ピタゴラスの定理よりもさらに完璧な、さらに鮮明な定理。
指折り数えて要約できる神学。
幼児の掌にも掴ませる事ができる無限なるもの。"
樹を仰げ。宇宙と人間を包む大絵文字を。
樹を仰げ。我らの五体に当て嵌められた、十の円と二十二の直線を。
単一の精神の物質界から精神世界への投射。
それこそが魔術の本懐なのだから。
「……分からない」
ふと足を止めて後ろを向けば、皆がエリファに傅いている。
彼らがそうしてる意味も、そして、エリファが皆に広めたい考えも、きっと、誰も、理解し合えない。
○●
つまるところ、エリファ・ルイ・コンスタンは最初からは破綻などしていない。
エリファはこの世界に満ちるアストラル、その源流を生まれつき知覚出来ており、世界をアストラルと一絡げにして見ていた。
それが決定的なズレだったのだ。
例えば、林檎がどんなものかと聞かれて、青くて四角い物と捉えているように。
例えば、人がどんな物かと問われれば、不定形な枝分かれした樹と答えるように。
エリファはそもそも、見ている知覚が常人とまるで違う。
同じ物を指差しても、その価値観を共有出来ない。
現象も、言語も、文化も。その全てが。
神の如く万物を見通す視座と、万物を形成するに至る力・アストラルを自在に操る力を持ちながら、生まれながらに人間社会の常識から欠落している。
__否。
習った常識と認識している世界がまるで違うのだから、形成される人格が、地球に存在する人間のそれと同じになる訳が無いのだ。
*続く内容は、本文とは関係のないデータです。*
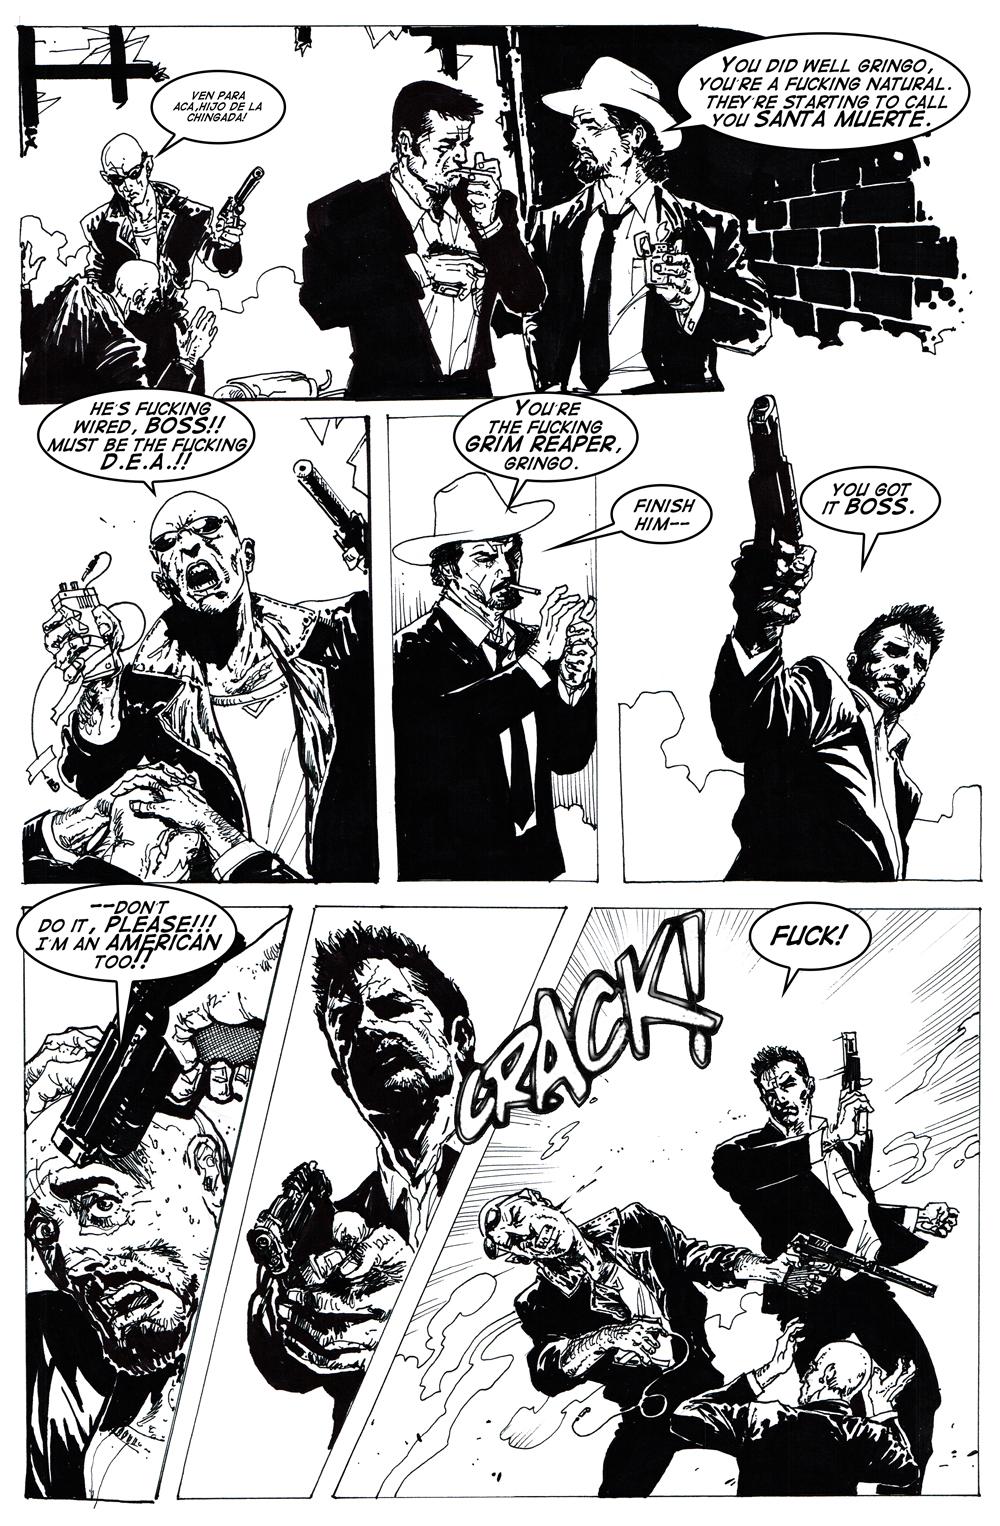 Old Skull Comics: PSYCARIO: Volume One

人類種ですら、国境を跨ぐだけで複雑怪奇に変化する言語と文化を持つ生命体。
ならば、そもそも位相や住む世界そのものが違った少女が、既存の文化を『常識』として学ぶ事は不可能である事は道理。
後付けで人の文化を学んだとて、それは他人の日記帳を読むようなもの。『理解』とは程遠い。
魔術師と呼ばれる彼女が得意とするアストラルの運用……自分の精神世界との強い感応。
それは、自分の感情や芯と呼ばれる本質レベルの堅固な感情でなければ不可能なもの。
我道征矢とツェーク・ヘレムはお互いの思考を混ぜ合わせて、比翼連理に魔術の入り口に到達した。
だが、果たしてこの感情や芯の部分を自由自在に変化させる人間は、果たして同じ人間に括って良いのだろうか?
視点が違った。価値観が違った。生まれる場所を間違えた。
エリファを人として括ろうとした社会が間違っていた。
エリファの精神構造を真に見るのであれば、それは動物や植物に近い。
エリファが話す言葉は意味を持っているようで、その実なんの意味も持たない。
たまたま意味を持つ言葉の形として成立しているだけ。
天上の世界から零れ落ちたら結果として人類に害を齎す天災。それが
魔術災害・エリファ・ルイ・コンスタンである。